**Problem description:** Could you print the listing again exactly, omitting the pictures?

**Source material:**
*** Begin section ***

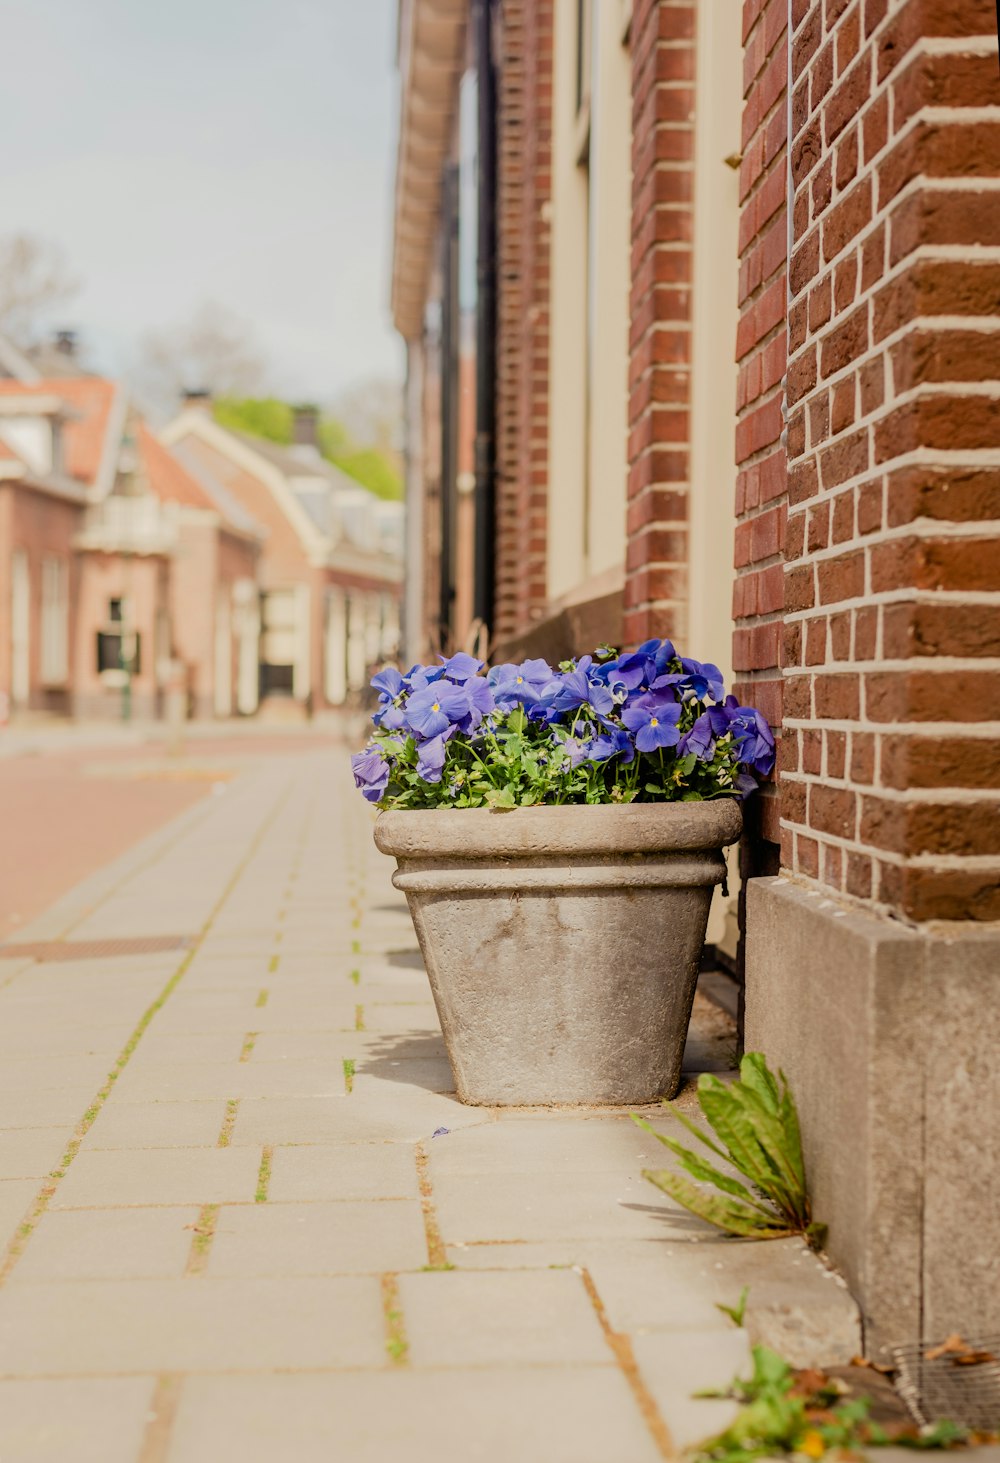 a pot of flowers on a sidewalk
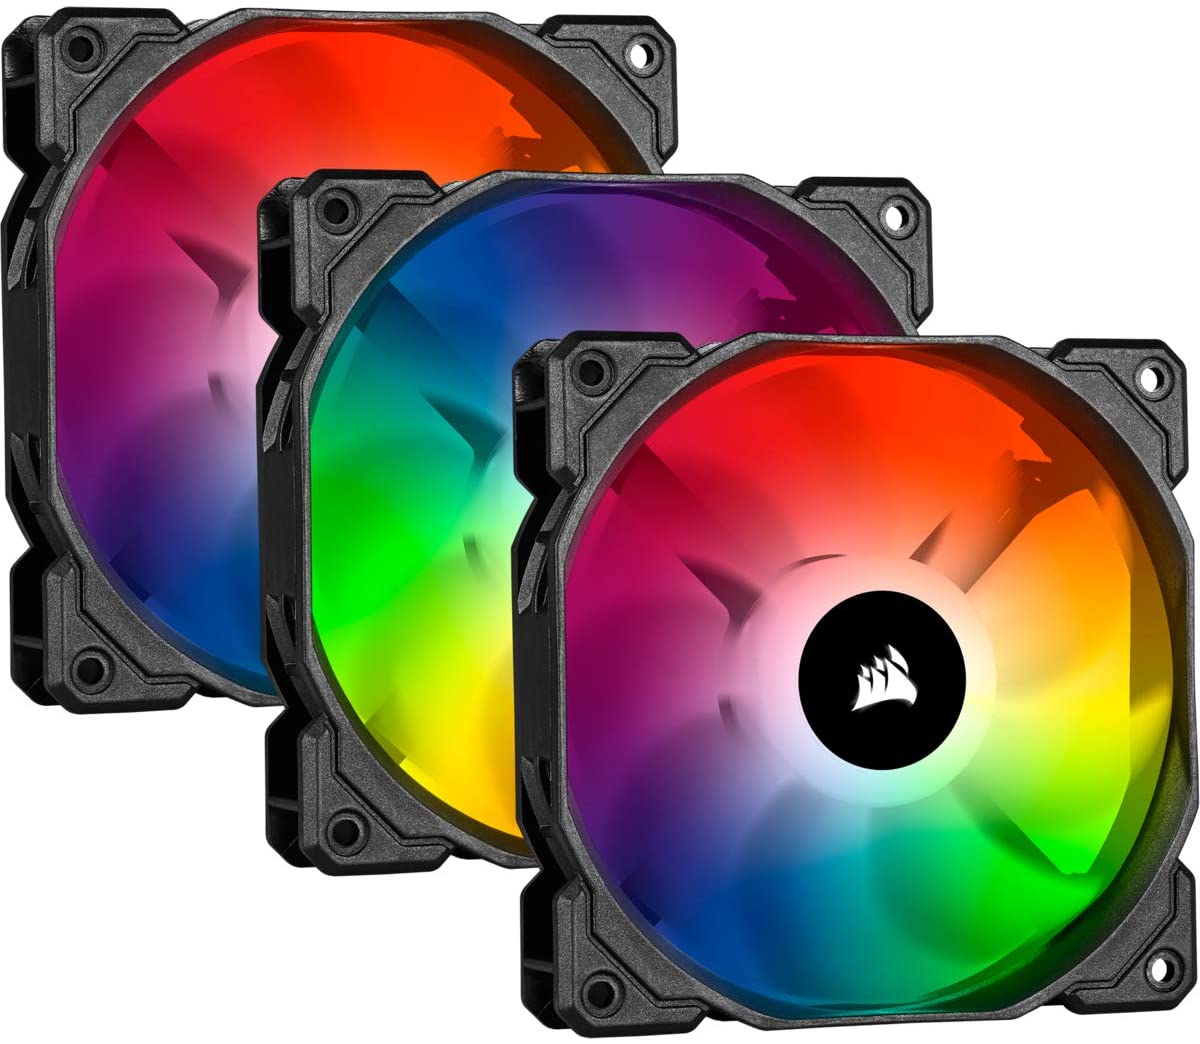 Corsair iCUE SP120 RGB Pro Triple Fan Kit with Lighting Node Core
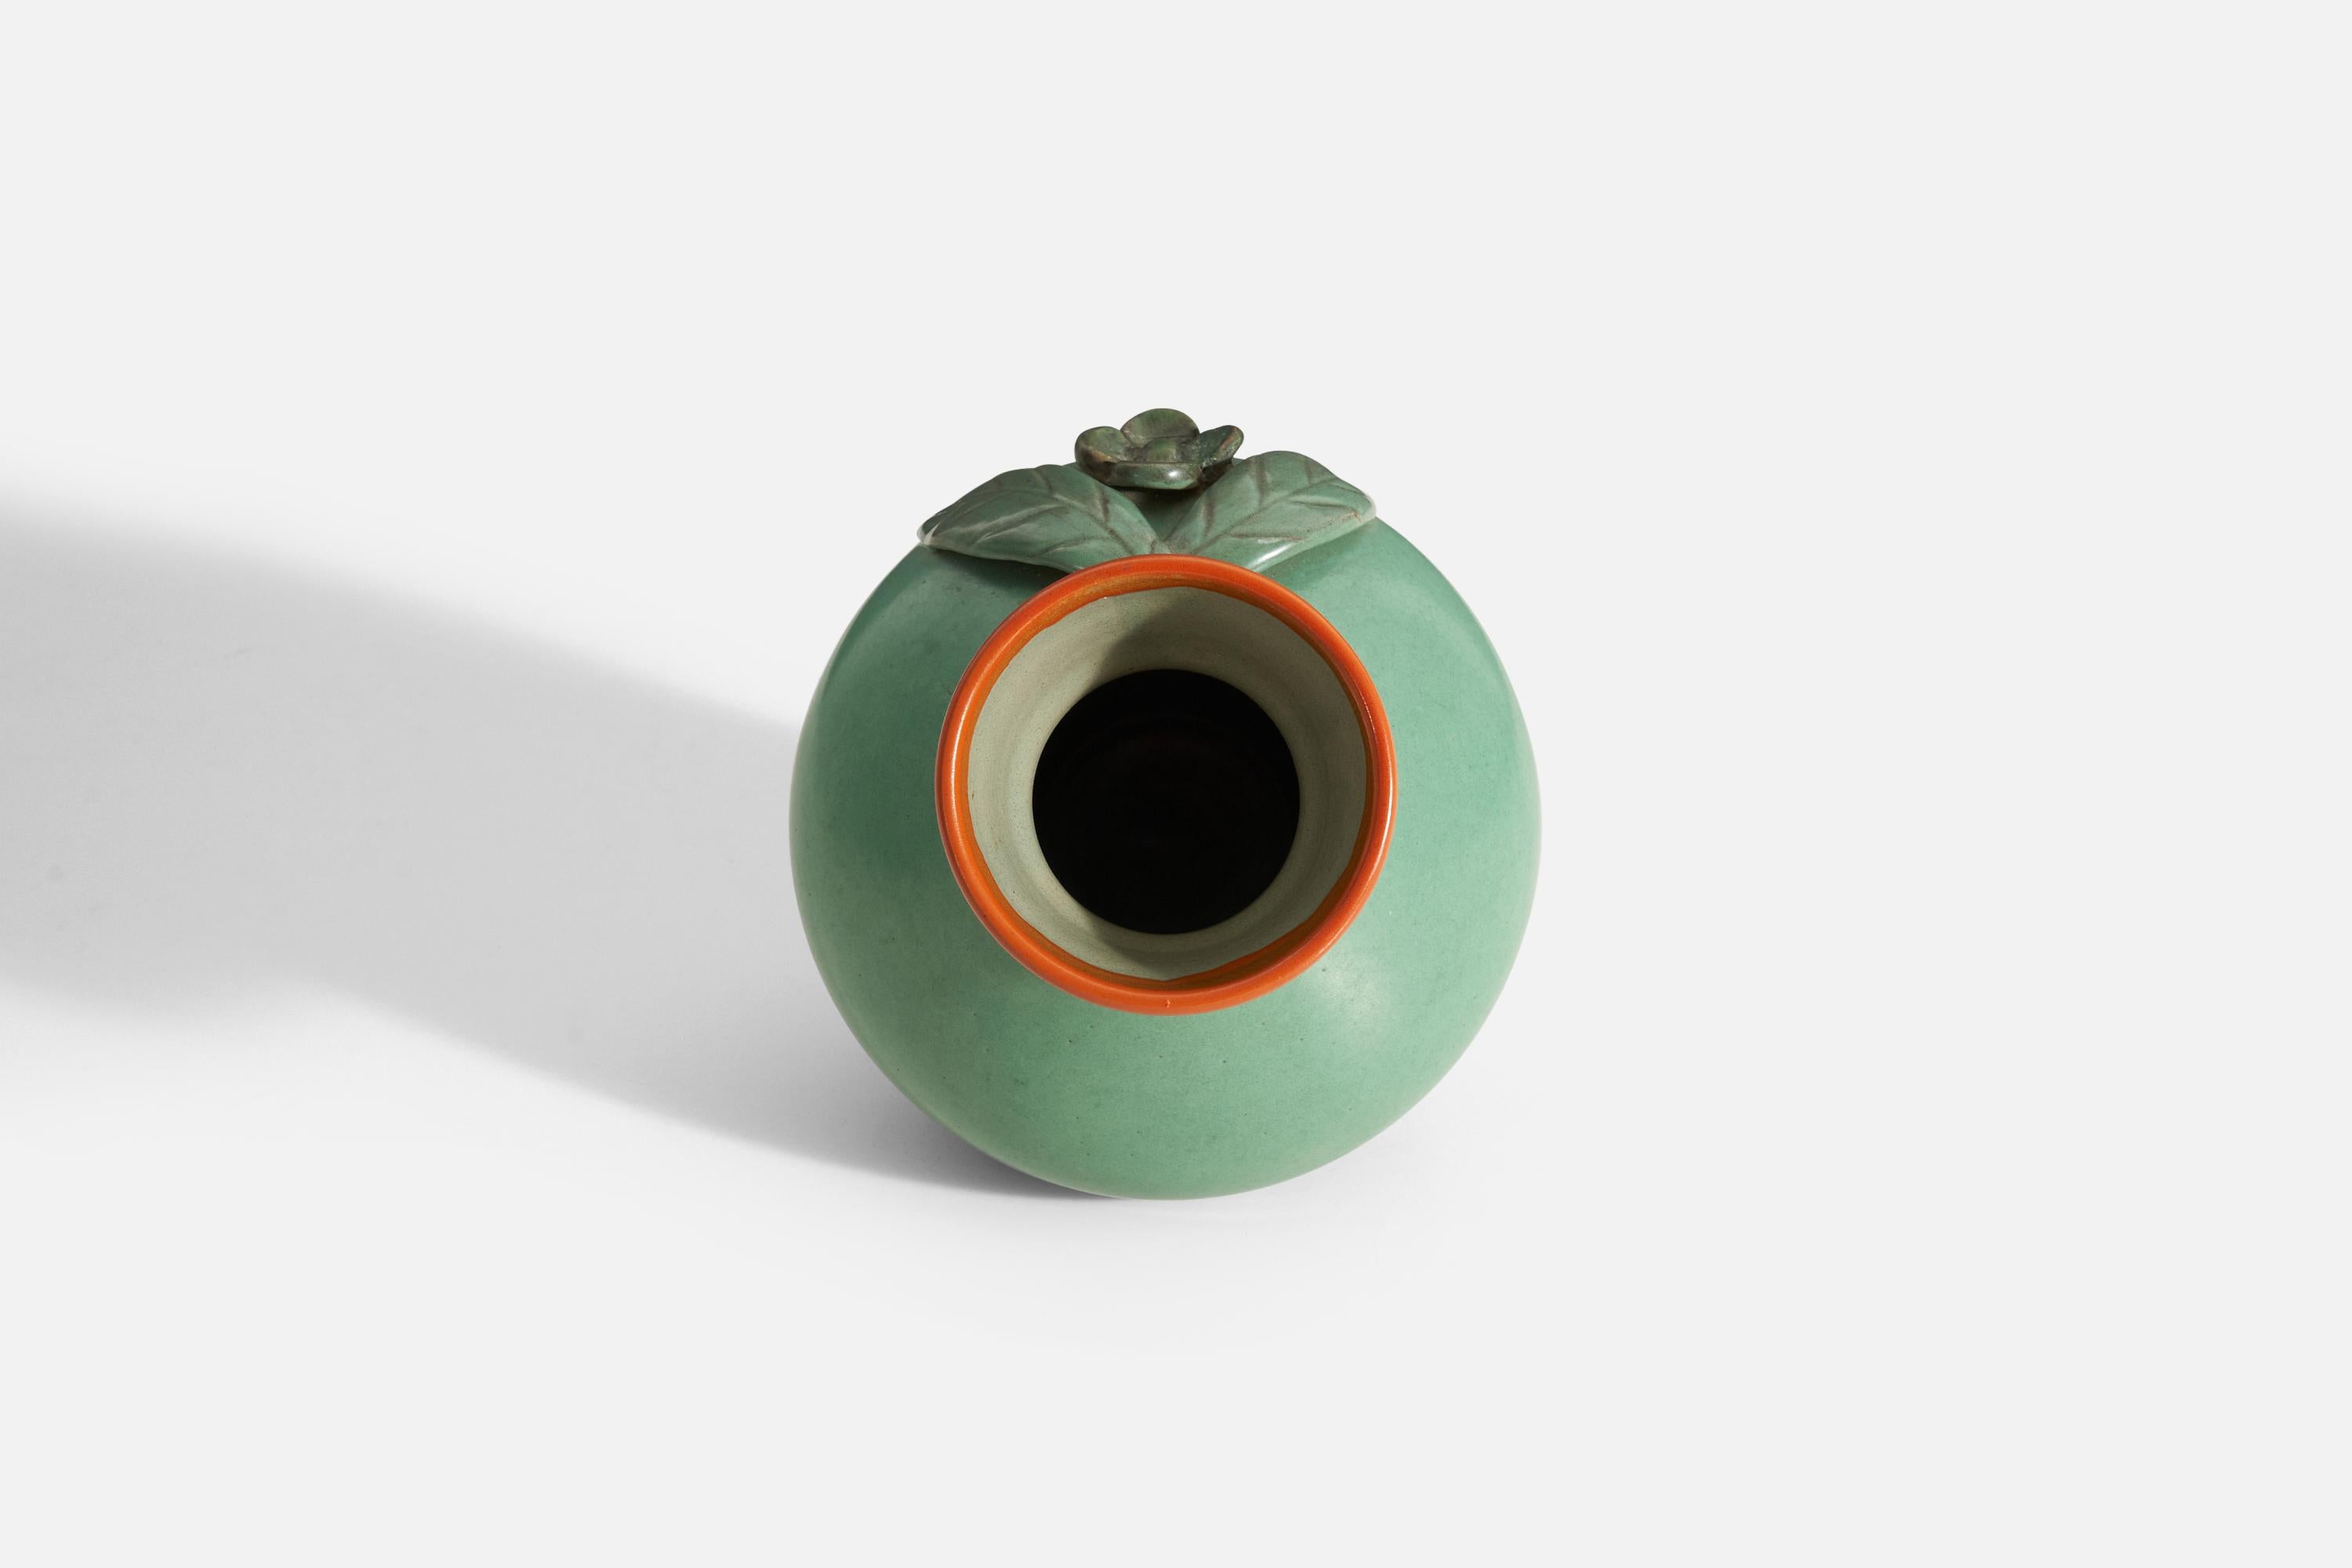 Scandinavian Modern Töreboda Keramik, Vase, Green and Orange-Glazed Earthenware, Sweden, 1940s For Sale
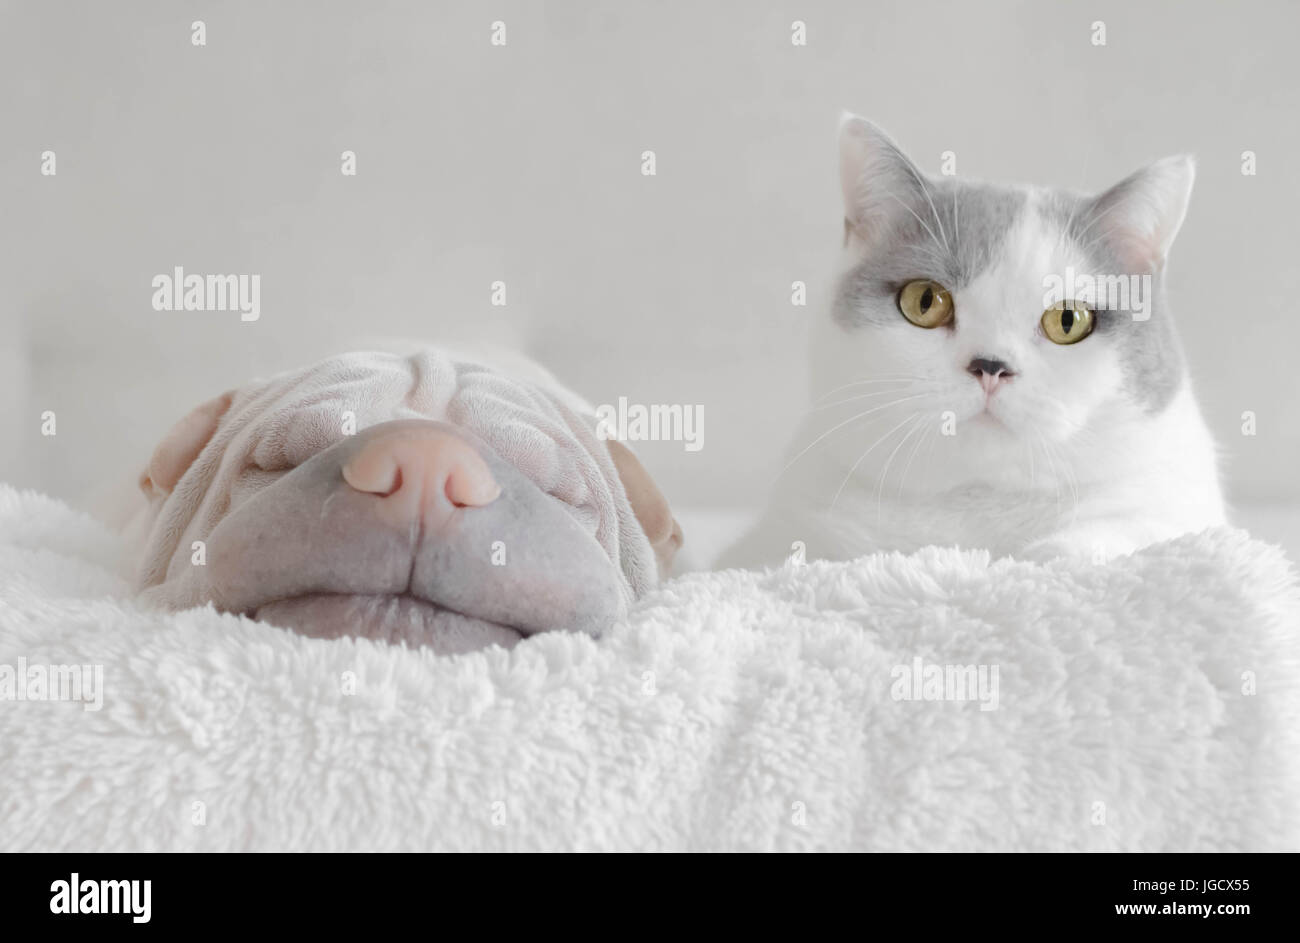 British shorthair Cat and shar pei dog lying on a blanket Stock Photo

*** End section ***

**Output below:**
 a pot of flowers on a sidewalk
 Corsair iCUE SP120 RGB Pro Triple Fan Kit with Lighting Node Core
 Scandinavian Modern Töreboda Keramik, Vase, Green and Orange-Glazed Earthenware, Sweden, 1940s For Sale
 British shorthair Cat and shar pei dog lying on a blanket Stock Photo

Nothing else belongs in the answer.